Network meta-analysis is an extension of traditional meta-analysis as well as a method that synthesizes available evidence to allow for simultaneous comparisons of different treatment options that lack direct head-to-head evaluations [7]–[10]. Individual pair-wise studies are ‘linked’ to create a network of studies on which statistical inference is based. When the network consists of a mixture of direct and indirect evidence with comparable studies and patient characteristics, the relative treatment effect of drug B vs. drug C may be indirectly estimated by comparing studies of drug A vs. drug B and drug A vs. drug C (dbc = dac _ dab) [10], [11]. The value of a network meta-analysis is that it can include both direct and indirect evidence, and it preserves the strength of randomization within individual RCTs. However, the method has limitations as it is based on a model simulation, and the method could result in biased estimates, if there are systematic differences across comparisons.
Methods
2.1 Search strategy
We searched MEDLINE, EMBASE, CNKI, PubMed, The Cochrane Central Register of Controlled Trials and The Cochrane Library prior to April 2013. The authors were contacted for further information regarding unpublished trials and reports found in published databases. Search terms included MeSH: acute ischemic stroke, AIS AND Edaravone OR Sodium ozagrel OR edaravone combined with Kininogenase OR Sodium ozagrel combined with edaravone AND randomized controlled trial (RCT). We also identified studies through manual searches of article references. No search limits were applied. Table S1 describes the literature search methods and restrictions applied to our search. We evaluated comparability of effect modifiers and potential heterogeneity between studies by abstracting information about base-line patient characteristics and trial characteristics including drug dosing regimens.
2.2 Study selection
For each literature search, all of the titles and abstracts were thoroughly reviewed and deemed to meet the following:
Inclusion criteria: (1) Original RCT evaluating a AIS therapy, (2) Previously untreated patient population, (3) AIS, including all grades and/or grade three to grade four, (4) reports of odds radio (OR), 95% confidence intervals (CIs) or data were available, (5) Entire study is available for review, (6) patients of which are Chinese. (7) Limited in ‘human’ study with no language restriction.

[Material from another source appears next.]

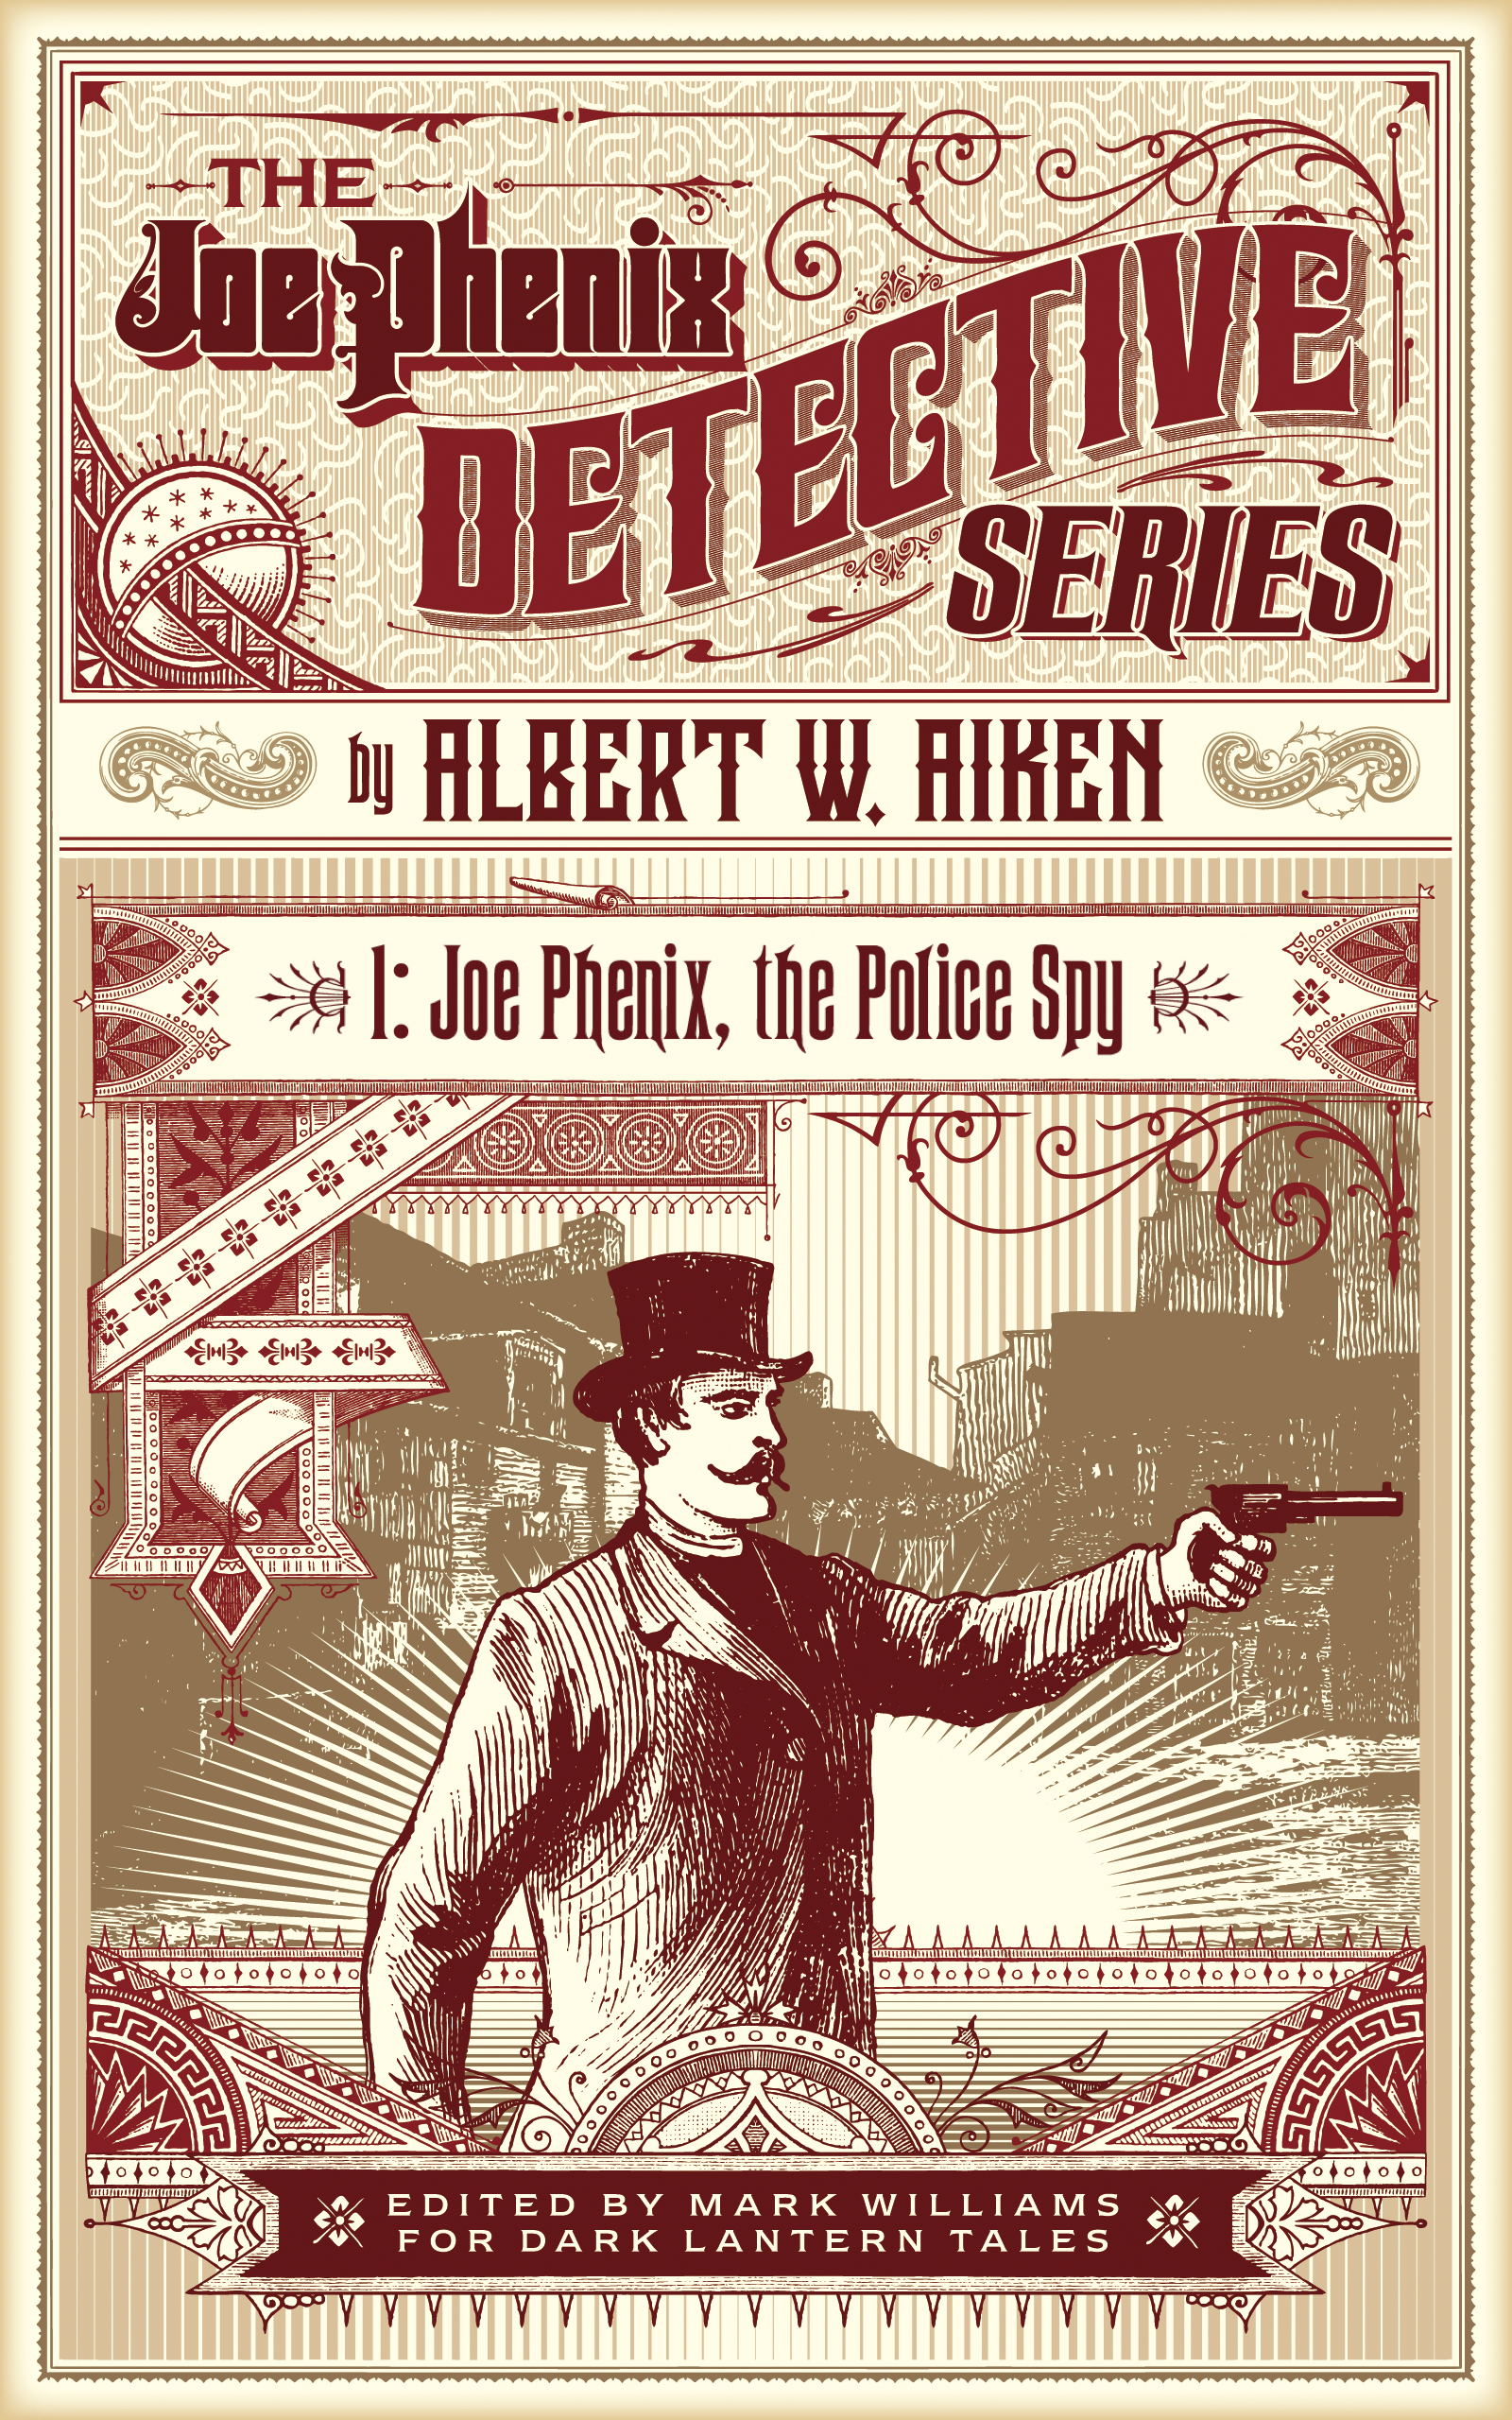 Joe Phenix, the Police Spy

The criteria of neurological deficit score were adopted based on the Modified Edinburgh–Scandinavian-Stroke Scale, a nation wide accepted scoring system recommended at the Second, and revised at the Fourth National Cerebrovascular Disease Conference in China [12]. The assessment of the clinical efficacy rate was conducted in accordance with the reduction in the scores of basic nervous functional deficits and disability degree as following :Recovery-The functional deficit scores were decreased up to 91–100%, and disability degree was at grade 0; Remarkable Improvement-The scores of functional deficit were decreased at 46–90%, and disability degree was at the grade1–3; improvement—the scores of functional deficit were decreased at 18–45%; no change—the scores of functional deficit were decreased or increased at about 17%; deterioration—the scores of functional deficit were increased over 18% and death.
2.3 Data extraction
Two authors assessed the methodological quality of the trials and extracted the data. Complete articles were used where possible. Disagreements were resolved with the assistance of a third reviewer.

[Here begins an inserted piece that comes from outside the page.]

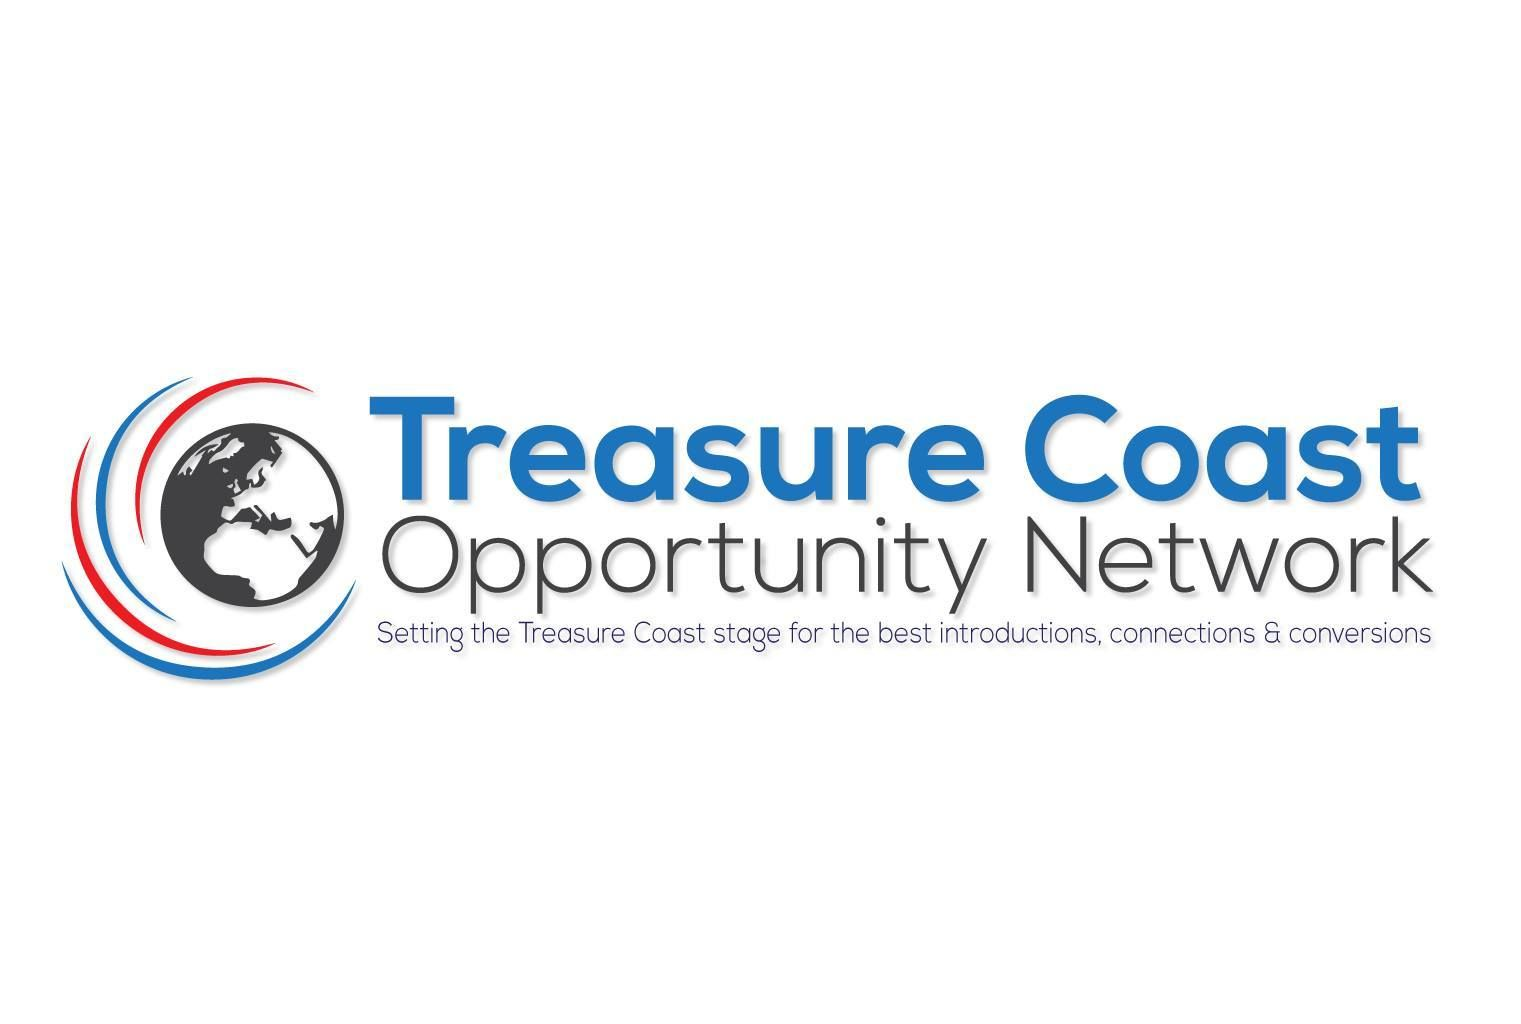 Treasure Coast Opportunity Network

2.4 Methodological quality of studies
Two authors (Yang and Chen) extracted review characteristics, the benefits and safety results, and they assessed the quality of the reviews using the Assessment of Multiple Systematic Reviews (AMSTAR) quality-assessment instrument [13].
2.5 Statistical analysis
Data were gathered from all the publications into a computerized spreadsheet (Microsoft Excel), and then turned into a traditional meta-analysis using fixed and random effects models by pooled risk ratio (RR) using STATA 10.0. The 95% CIs were calculated. This study had two components. First, traditional direct meta-analyses of therapies versus placebo, ozagrel versus ozagrel + edaravone and edaravone + kalliclingenase were preformed. Second, these direct meta-analyses were combined using network meta-analysis. A separate spreadsheet was produced for the 145 individual two-by-two comparisons, the logarithm of the individual relative ratio, and SE (calculated by the Mantel and Haenszel method), and used for the network meta-analysis. Network meta-analysis is a relatively new technique that can be used to indirectly compare the risk or benefit associated with randomly allocated treatments that have not been directly tested against each other [14].

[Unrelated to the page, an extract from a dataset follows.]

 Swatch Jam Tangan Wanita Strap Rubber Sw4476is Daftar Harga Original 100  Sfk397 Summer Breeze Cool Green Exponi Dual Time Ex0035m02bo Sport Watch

The trials had to be conducted with populations of similar age and disease profile sharing a common treatment or placebo arm [15], [16]. For this instance, a network meta-analysis to estimate the baseline risk or benefit associated with the administration of ozagrel versus edaravone, ozagrel + edaravone versus edaravone + Kininogenase and edaravone versus ozagrel + edaravone.
National Institutes of Health Stroke Scale (NIHSS) scores were extracted as mean±s.d. When unreported, missing mean differences and s.d.'s were estimated based on reported CIs, and the authors of the study were contacted if necessary. The s.e.m. was transformed into s.d. weighted mean difference (WMD) and 95% CIs, in the defect of neurological function were calculated for all eligible studies in the network meta-analysis and combined using fixed or random-effects models where appropriate.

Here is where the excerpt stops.